Thanks for adding additional debugging. I'm going to say there's a definite bug here, with potential for destruction of data:

Log

{"level":"debug","time":"2020-02-03T19:01:38-06:00","message":"Starting processing for file: /opt/goEdms/staging/20280201.pdf"}
{"level":"debug","time":"2020-02-03T19:01:38-06:00","message":"Working on current file: 20280201.pdf"}        
{"level":"info","time":"2020-02-03T19:01:38-06:00","message":"Text processed from PDF without OCR: 20280201.pdf"}           
{"level":"info","time":"2020-02-03T19:01:38-06:00","message":"No record found, assume no duplicate hash: not found"}
{"level":"debug","time":"2020-02-03T19:01:38-06:00","message":"Adding full text for search to bleve: Creation date: 2020-01-28<OCR'd text>"}
{"level":"-","time":"2020-02-03T19:02:38-06:00","message":"wake, now=2020-02-03T19:02:38-06:00"}
{"level":"-","time":"2020-02-03T19:02:38-06:00","message":"run, now=2020-02-03T19:02:38-06:00, entry=1, next=2020-02-03T19:03:38-06:00"}
{"level":"info","time":"2020-02-03T19:02:38-06:00","message":"Starting Ingress Job on folder:/opt/goEdms/staging"}
{"level":"debug","time":"2020-02-03T19:02:38-06:00","message":"Starting processing for file: /opt/goEdms/staging"}
{"level":"warn","time":"2020-02-03T19:02:38-06:00","message":"Unable to get information for file, won't process: /opt/goEdms/staging: stat /opt/goEdms/staging: no such file or directory"}

Based on the error, I checked the /opt/goEdms directory. Sure enough /staging/ doesn't exist!
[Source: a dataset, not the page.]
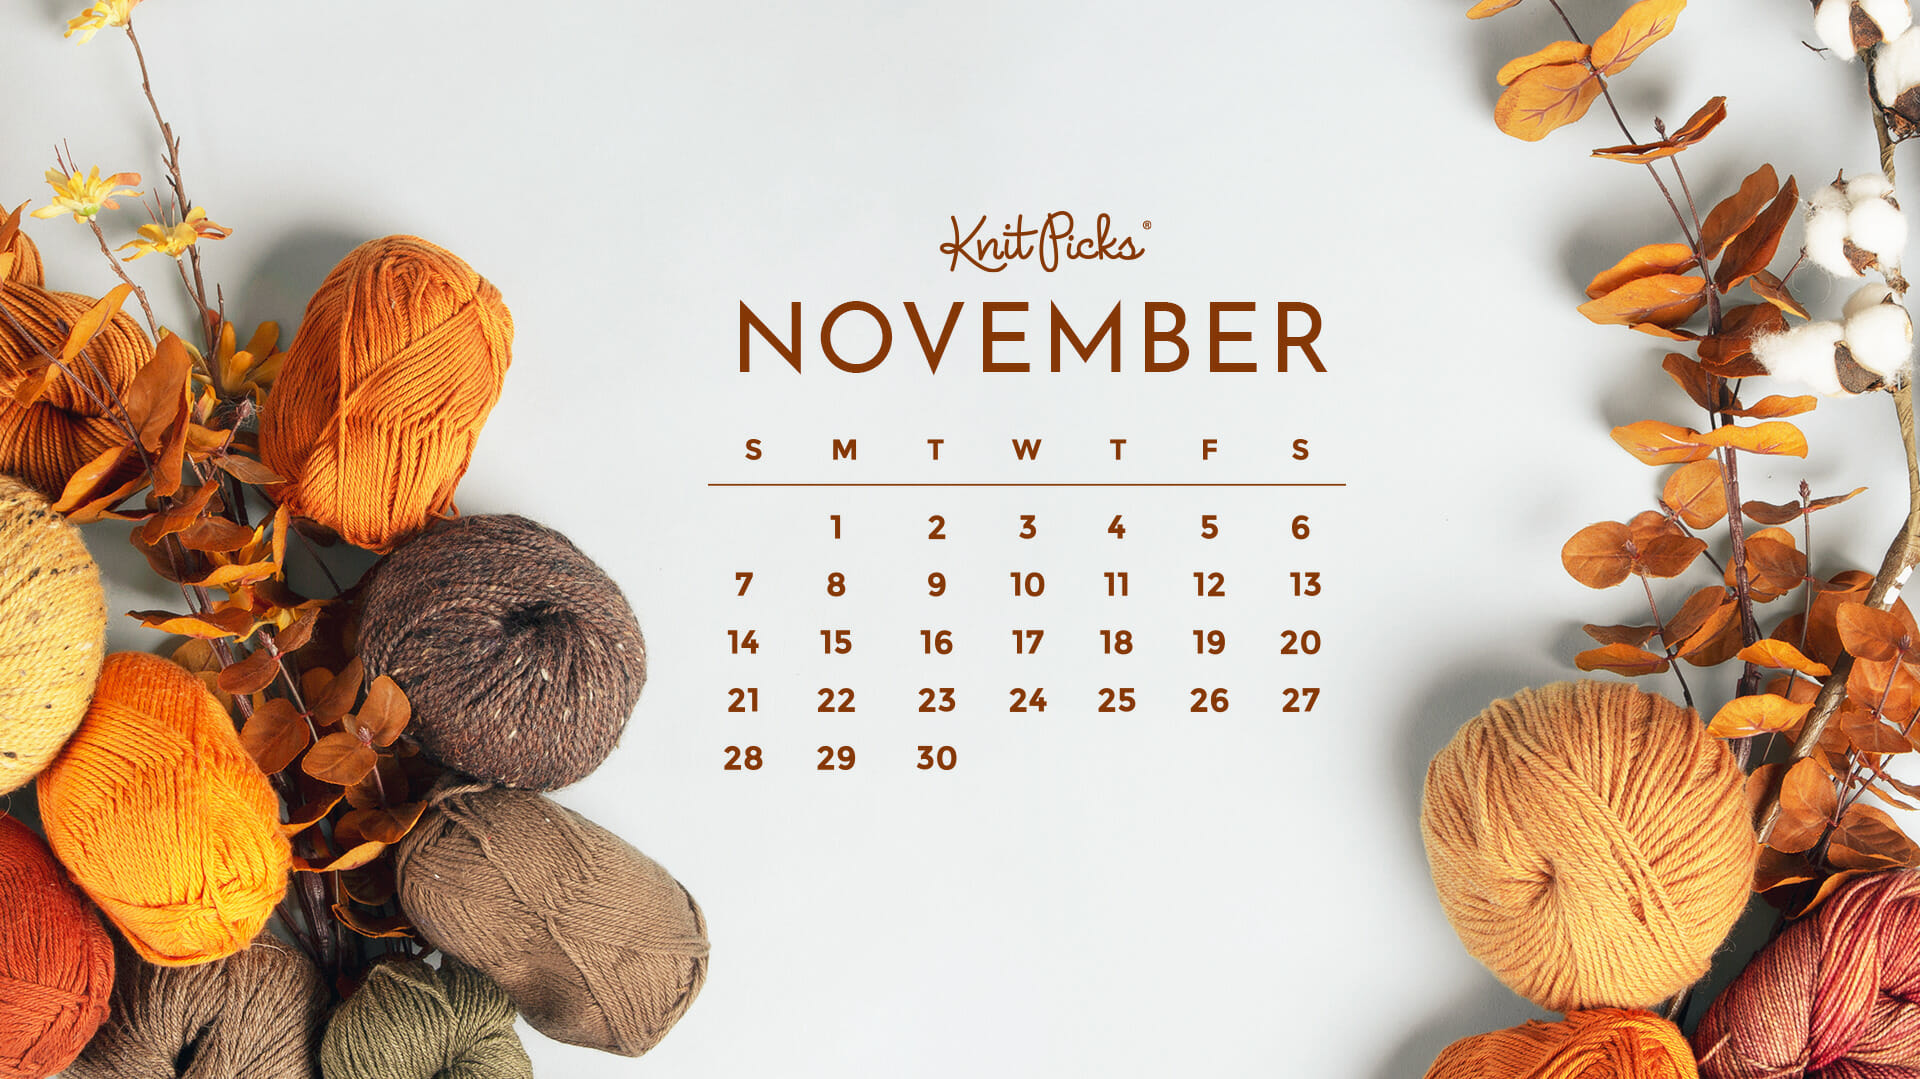 Bạn đang tìm kiếm một mẫu lịch tháng 11 độc đáo để ghi chú các sự kiện quan trọng trong tháng? Hãy tải ngay mẫu lịch tháng 11 miễn phí này và thêm vào để tạo ra một lịch đẹp, sáng tạo và cá nhân hóa cho riêng mình.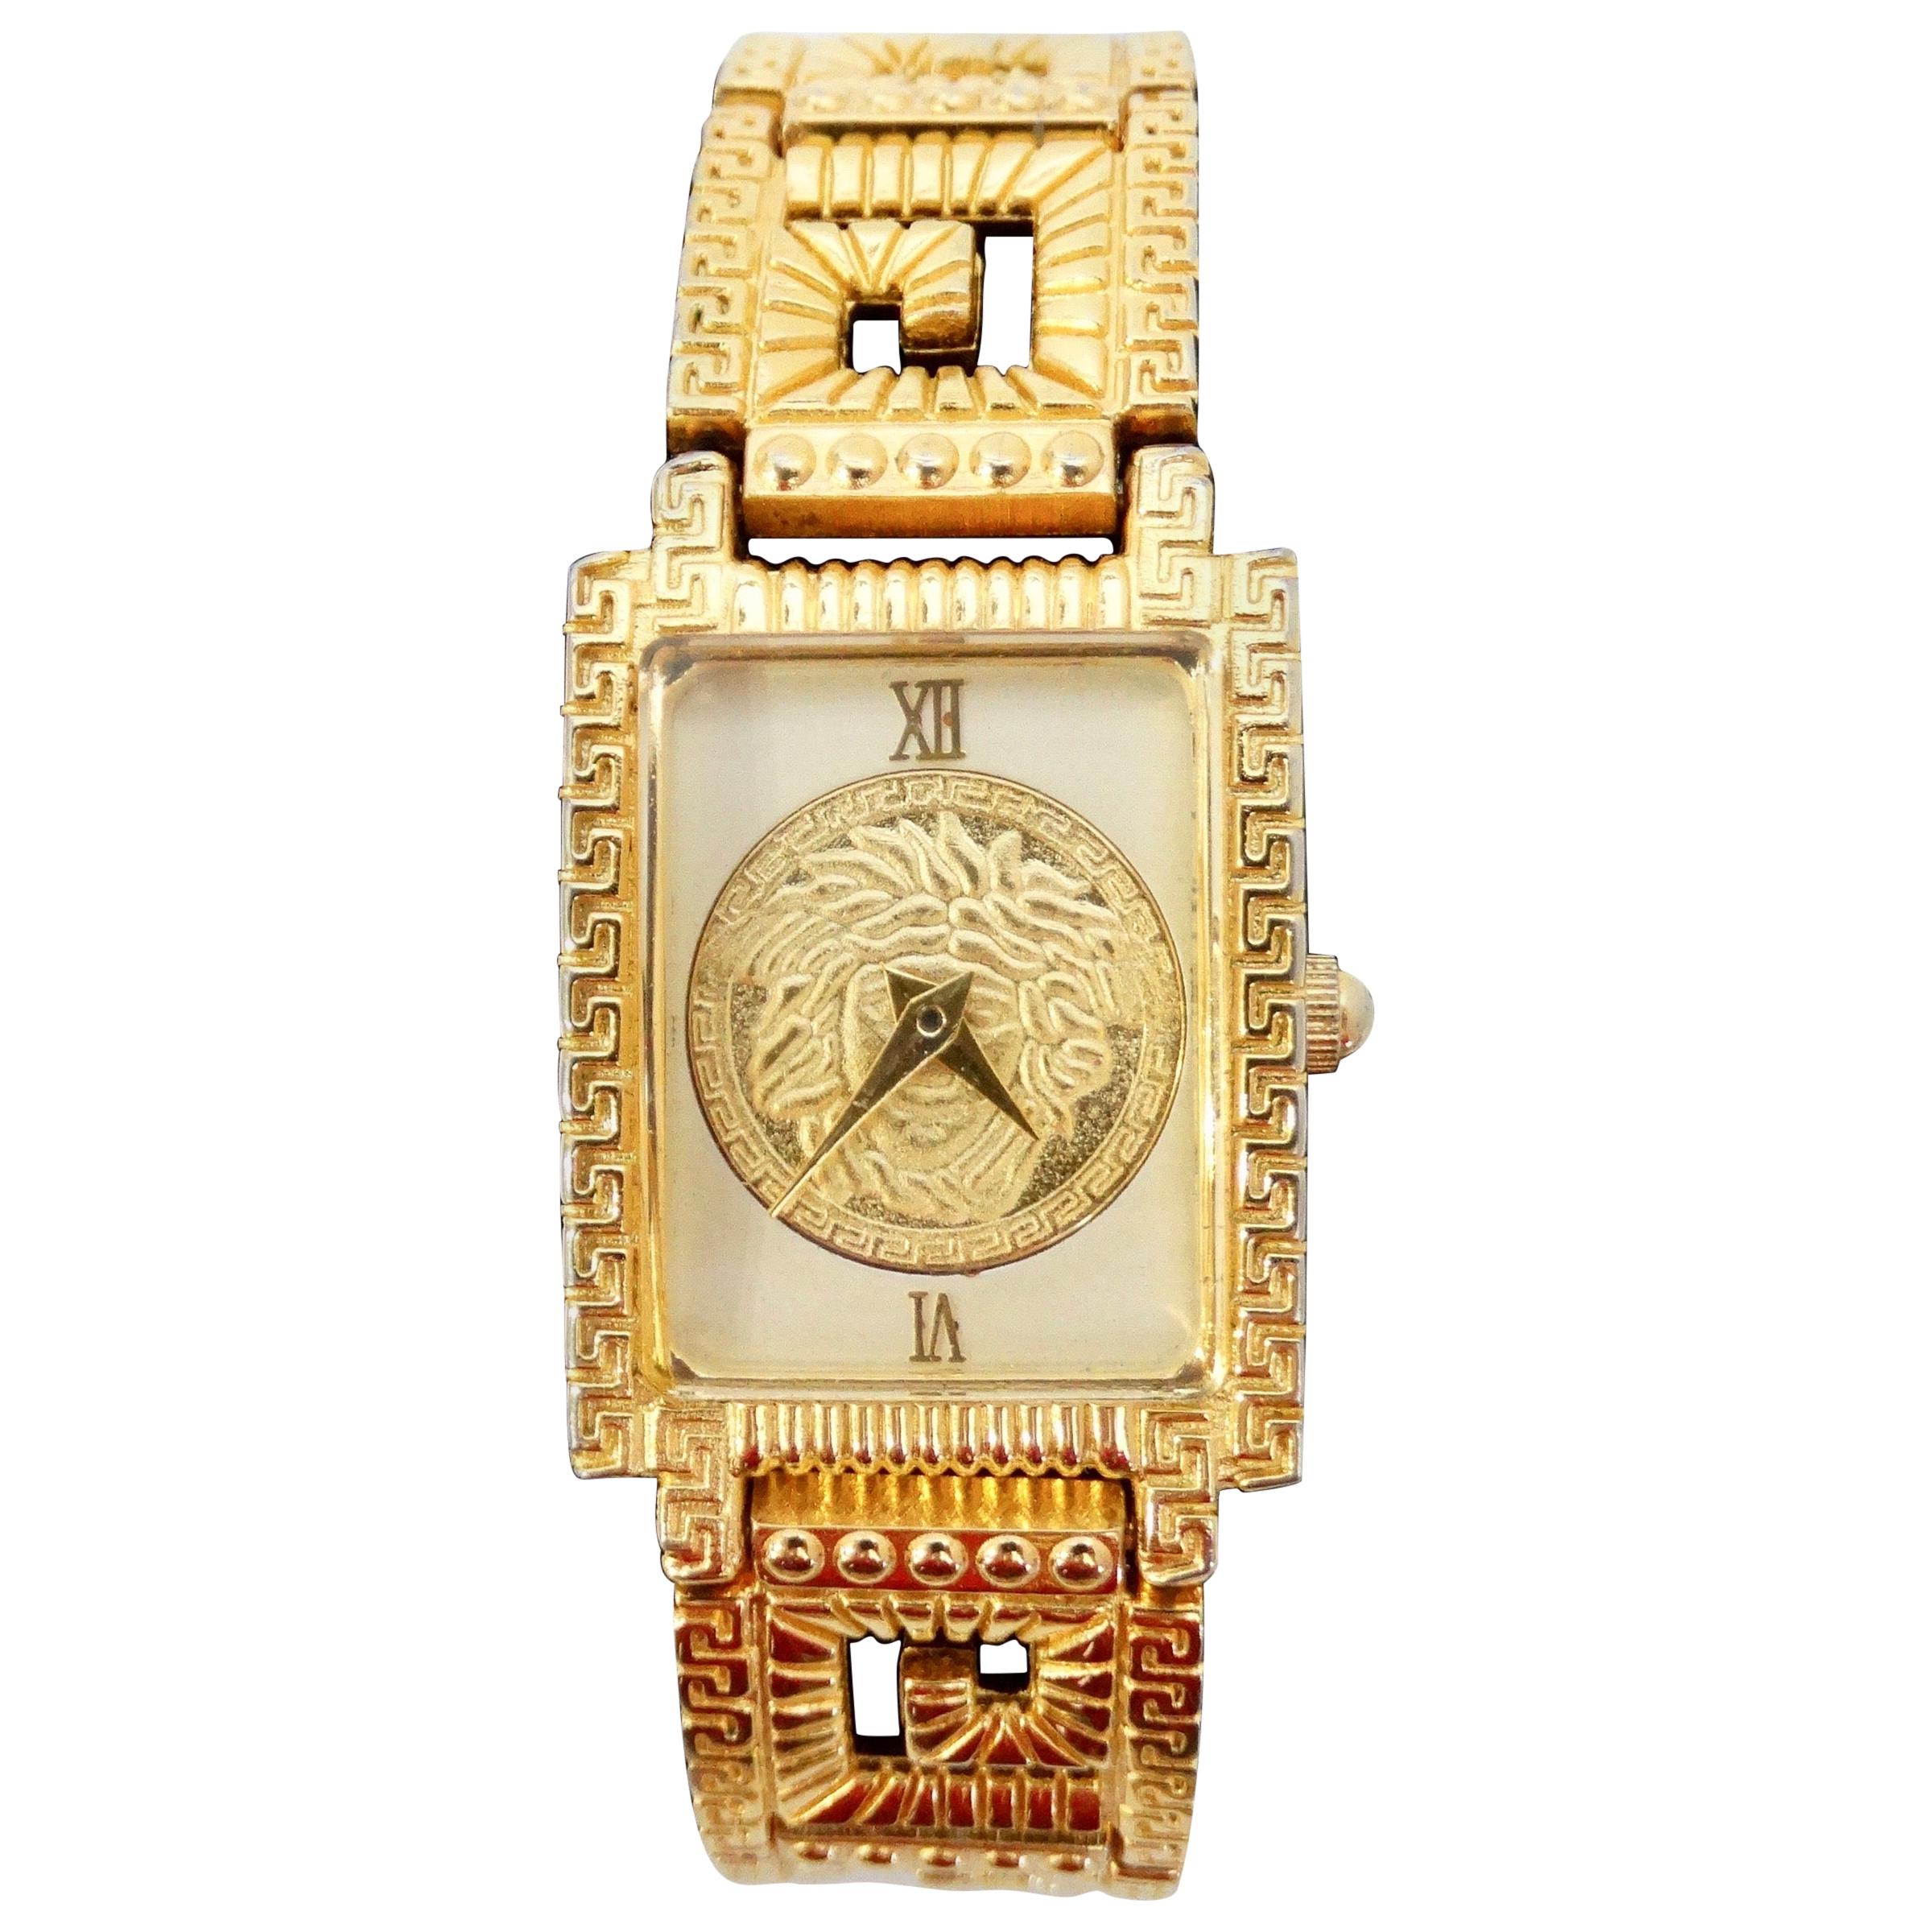 Gianni Versace 1990s Greek Key Wrist Watch

It appears that the goEDMS processing is deleting the staging directory instead of just the processed files.

Changing the serverConfig.toml option for IngressDeleteOnProcess doesn't affect the outcome. /staging/ directory is still deleted entirely for either true/false.

No documents appear in the web gui.

deranjer commented 4 years ago

Okay, let me do some testing and get back to you.

deranjer commented 4 years ago

So for some reason goEDMS is saying that 'staging' is a file, not a folder. I'm not sure why that is. I'm adding a few more logging statements and checks to ensure that the root ingress folder is not deleted. I'll hopefully push a new build today for you to try out.

deranjer commented 4 years ago

Okay version 0.2.0 is out, please try that and let me know.